Why CIEH is joining the Healthy Homes Act campaign

From the moment we are born through to our older years, our home environment exerts a huge influence on our health and wellbeing over the course of our lives. While the UK has some of the oldest housing stock in Europe, which comes with its own challenges, we also need to ensure that the homes being built today are as healthy, safe and futureproofed as they can be in order to support the wellbeing of people now and for future generations.
With more of us working from home than ever before, the quality and suitability of our housing has come to the fore.

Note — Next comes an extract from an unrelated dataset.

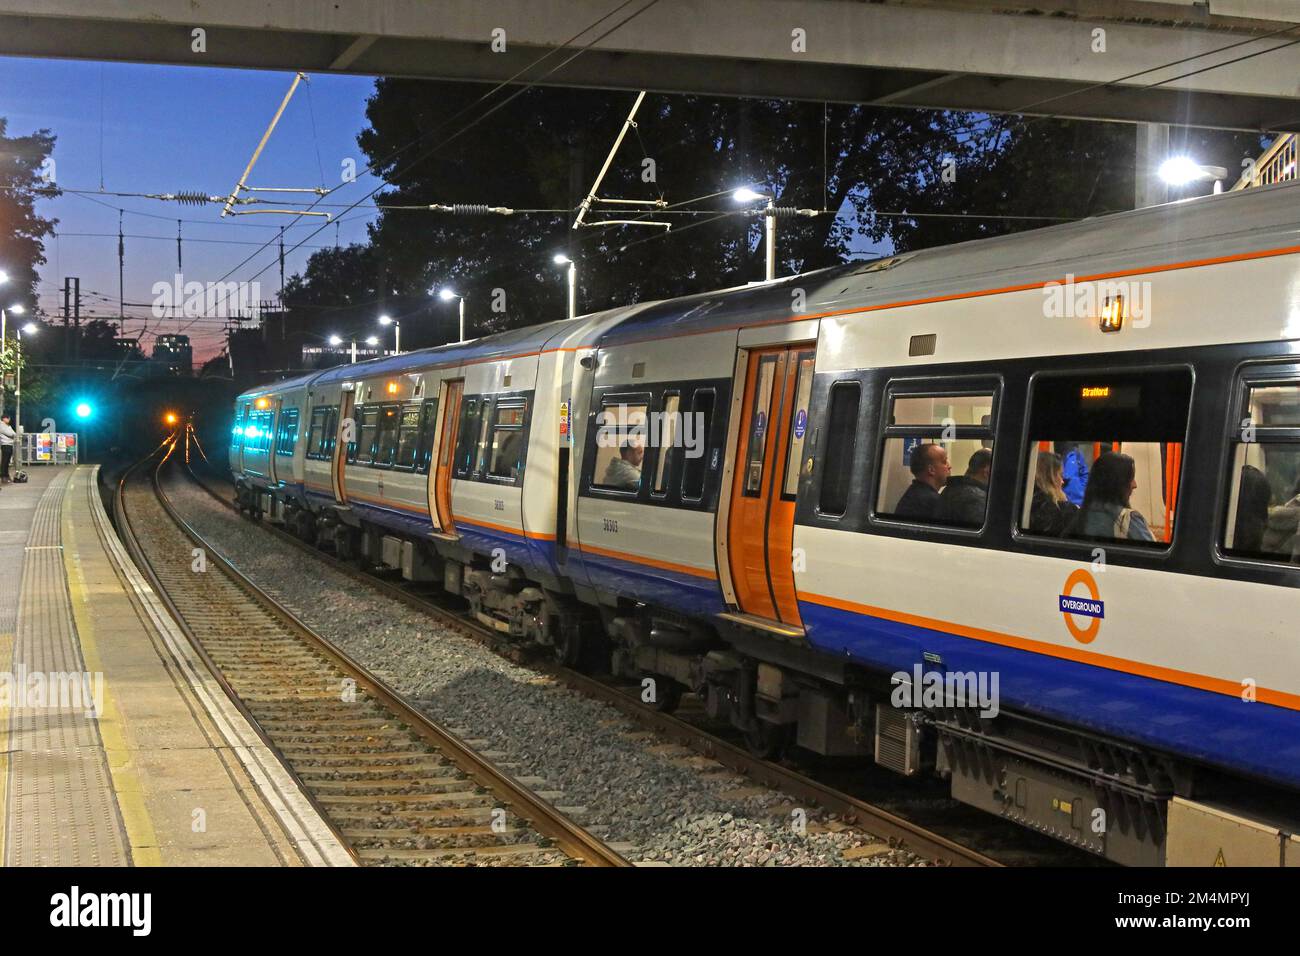 Stratford Bound, treno London Overground, alla stazione ferroviaria di Hackney Downs, Londra, Inghilterra, Regno Unito, E8 1LA Foto Stock

What is immediately outside of our homes also matters: access to green spaces, reliable and clean transport options, and opportunities for active travel and physical exercise nearby are also key to supporting good health.
The Town and Country Planning Association’s Healthy Homes Act campaign aims to tackle the issue of healthy new housing at source by giving the Secretary of State for Housing, Communities and Local Government an explicit duty to secure the health, safety and wellbeing of everyone living in or affected by buildings.
This broad duty aims to bring together the often disparate parts of the housing system, from planning to building control and housing standards enforced by environmental health teams, into one place so that the focus is directly on people’s health. It would also ensure that a set of key principles that define healthy homes and neighbourhoods would be enshrined in law and could therefore be successfully defended at the planning stage.
Many of the starkest examples of poor-quality new housing have been enabled through the relaxation of the planning system in the form of permitted development rights. Since 2015, these have allowed offices and warehouses to be converted into homes without planning permission, and from 2020 have also applied to two-storey extensions to existing houses, shops, and the demolition of commercial buildings and rebuilding as homes.
The Government’s own commissioned research has already shown that housing provided through the permitted development route results in less healthy than that through the normal planning route, by enabling residential conversion to take place in inappropriate locations and buildings.
Local authorities often have no powers to stop these from going ahead, and once converted, the ensuing problems of noise, air pollution, odours and other problems with this type of housing falls to environmental health teams across the country to investigate and rectify.
The Healthy Homes Act, if implemented, would not end permitted development or block the Government’s planning reforms, but it would effectively outlaw the creation of new homes and neighbourhoods which undermine people’s health, safety and wellbeing.